PG&E’s board of directors tapped Ms. Poppe late last year, several months after former CEO Bill Johnson resigned upon seeing the company through bankruptcy. He had spent just over a year in the role, and was the person who stood in court and pleaded guilty on behalf of the company to 84 counts of involuntary manslaughter in June of 2020.
Ms. Poppe signed a five-year contract, and PG&E’s directors said at the time of her hiring that they hoped she would stay for longer.
Mr. Flexon, who led the search for a new CEO, said that five minutes into an interview with Ms. Poppe, he emailed the chair of the compensation committee to say he didn’t need to interview anyone else. He said her willingness to leave a stable utility like CMS—and to trade the long-term stock awards she had earned there for shares in a risk-laden company—indicated to him that she was willing to stake her legacy on PG&E’s future.

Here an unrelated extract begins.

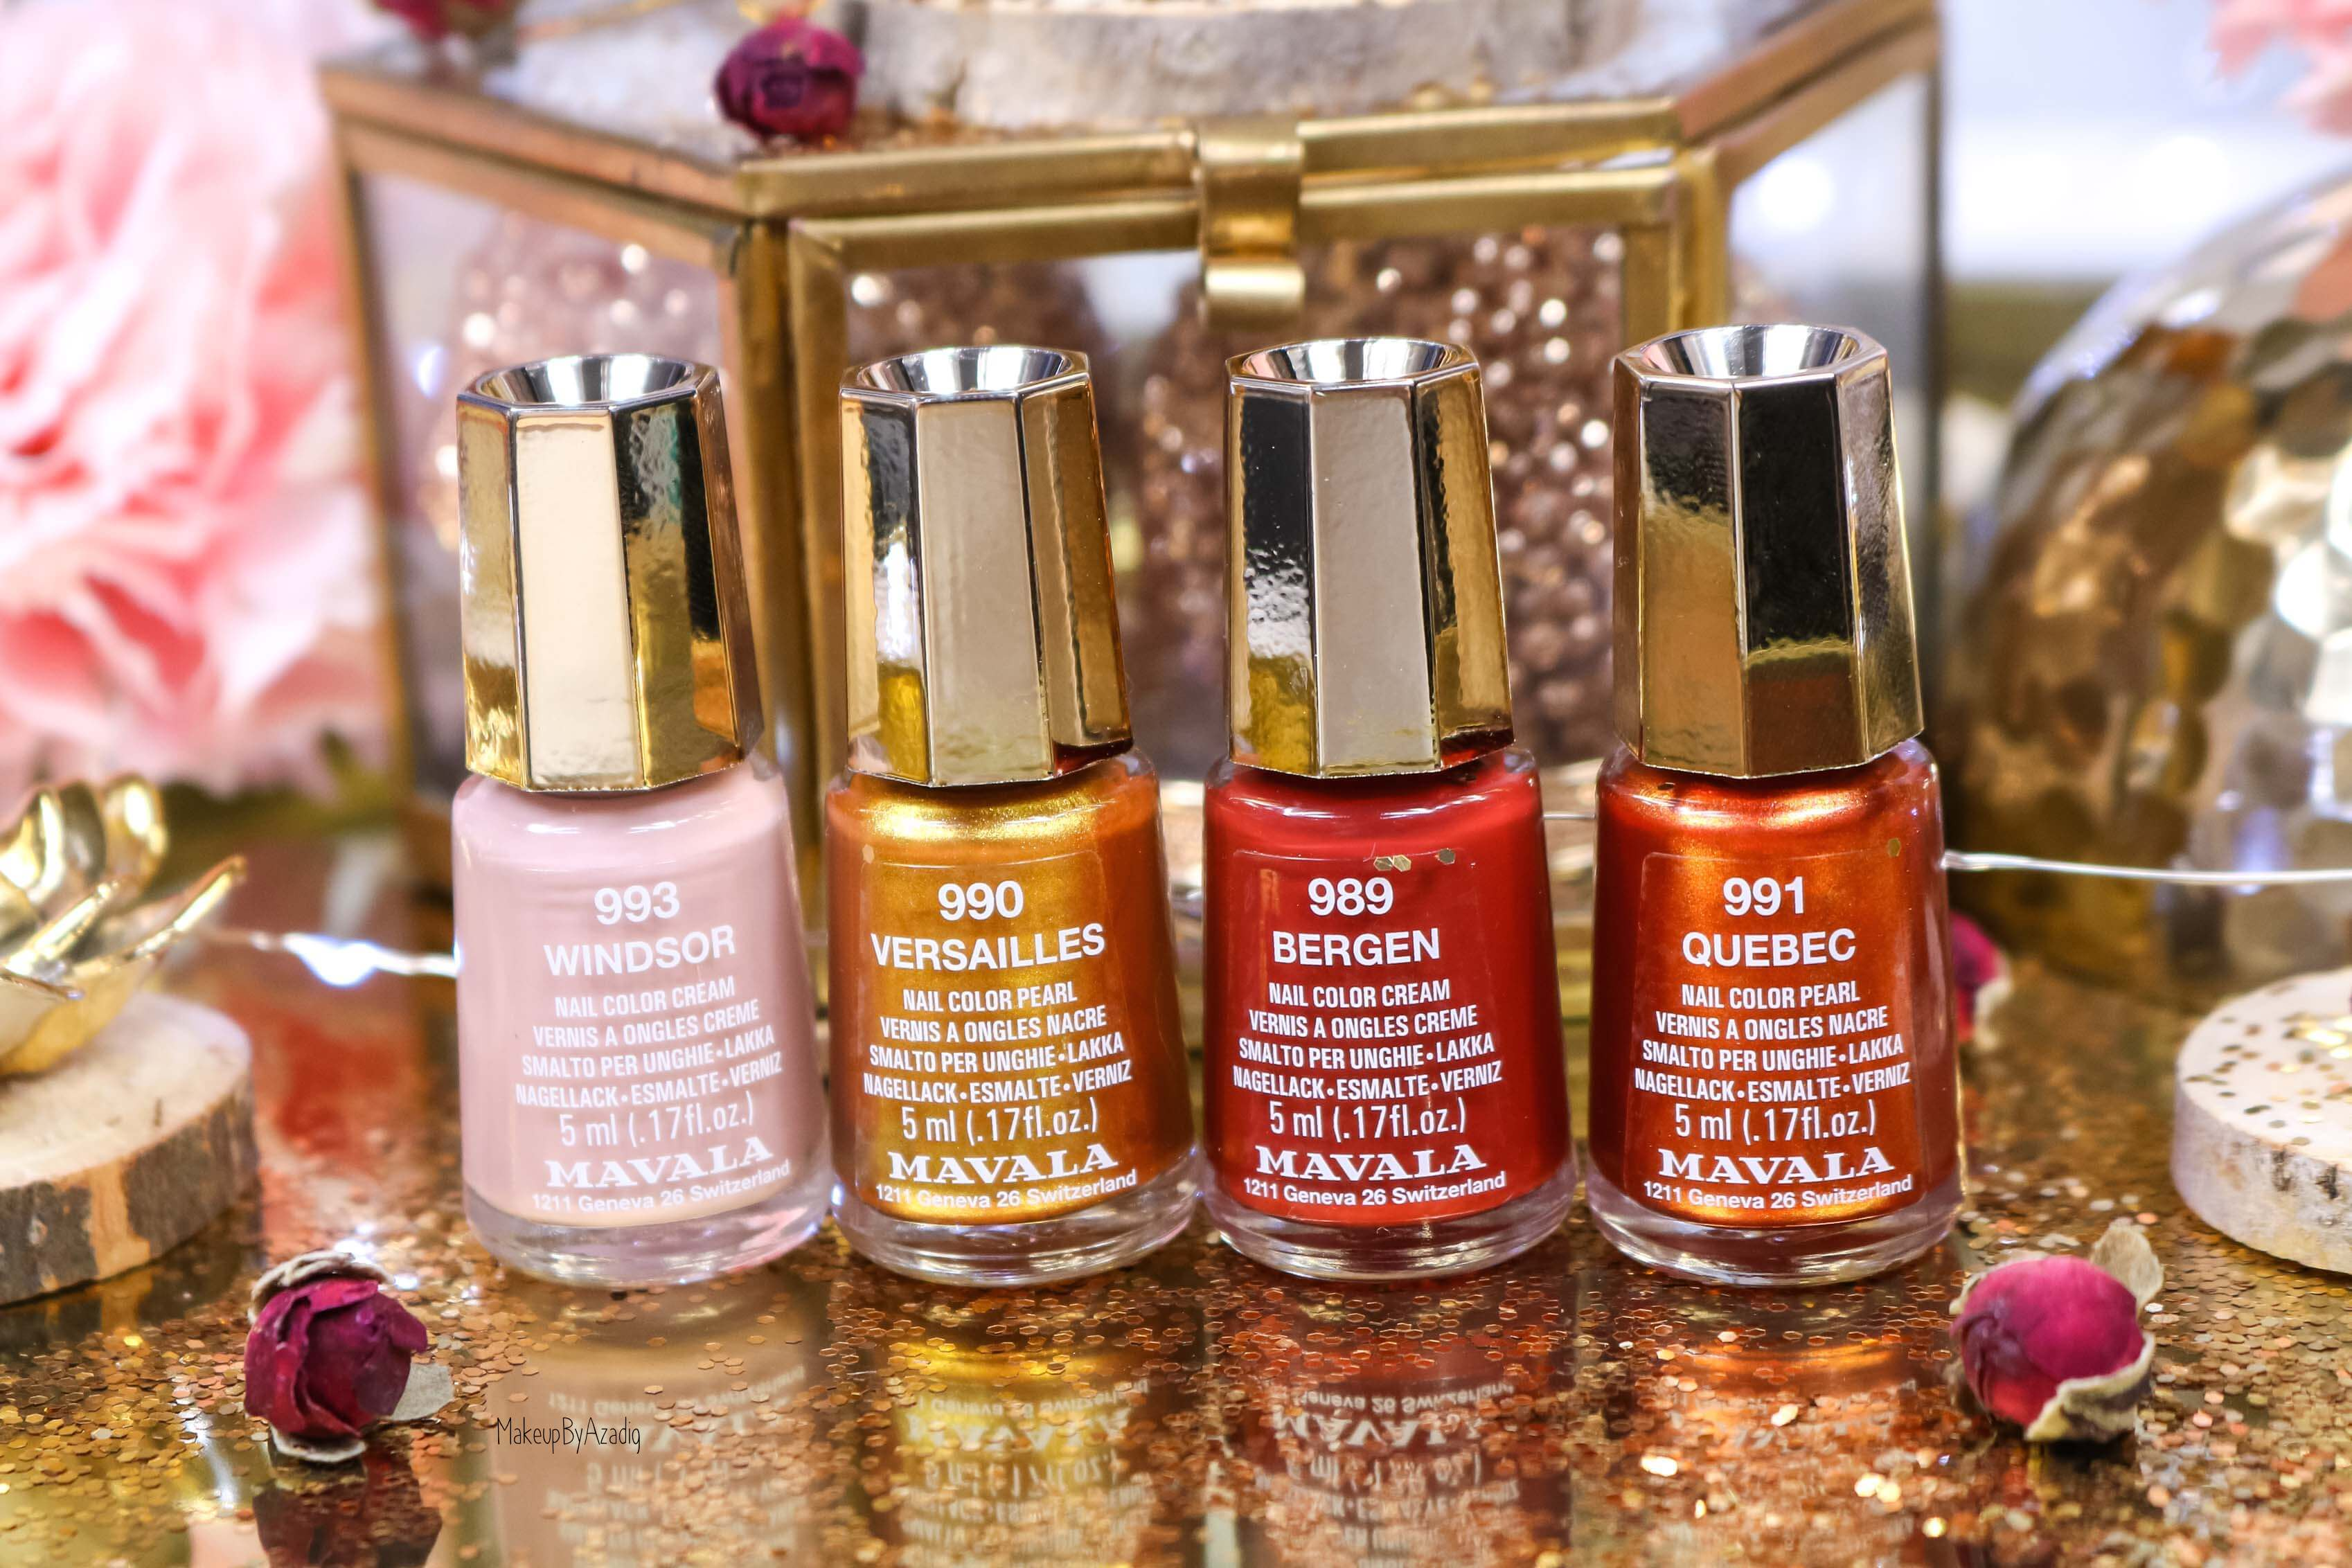 revue-collection-vernis-nails-heritage-chic-bordeaux-cuivre-metallique-gold-rouge-makeupbyazadig-swatch-avis-prix-parapharmacie

Mr. Flexon said her desire to attempt such a challenging overhaul reminded him of his mind-set in 2011, when he became CEO of Dynegy Inc., a former wholesale power producer in need of a culture shift as it struggled through its own bankruptcy restructuring. Ms. Poppe faces an even larger challenge in reorienting the culture of a company the size of PG&E, he said.
"That’s a big job," Mr. Flexon said. "I’ve been through that, and I didn’t have 25,000 people, two-thirds of which were unionized."
Already, some members of the company’s most prominent union, International Brotherhood of Electrical Workers Local 1245, have bristled at Ms. Poppe’s love-heavy approach. At first, business manager Bob Dean, the union’s top officer, was among them. But he said he changed his perspective upon realizing that she has a tough edge that he sees as critical to making the difficult decisions needed to turn the company around. Internally, she has been working to implement a strict set of principles to improve the safety and efficiency of the company’s processes, he said.
For Mr. Dean, a critical question is how long she stays. The rapid turnover of key executives and personnel has left the company in a lurch over the past several years, he said.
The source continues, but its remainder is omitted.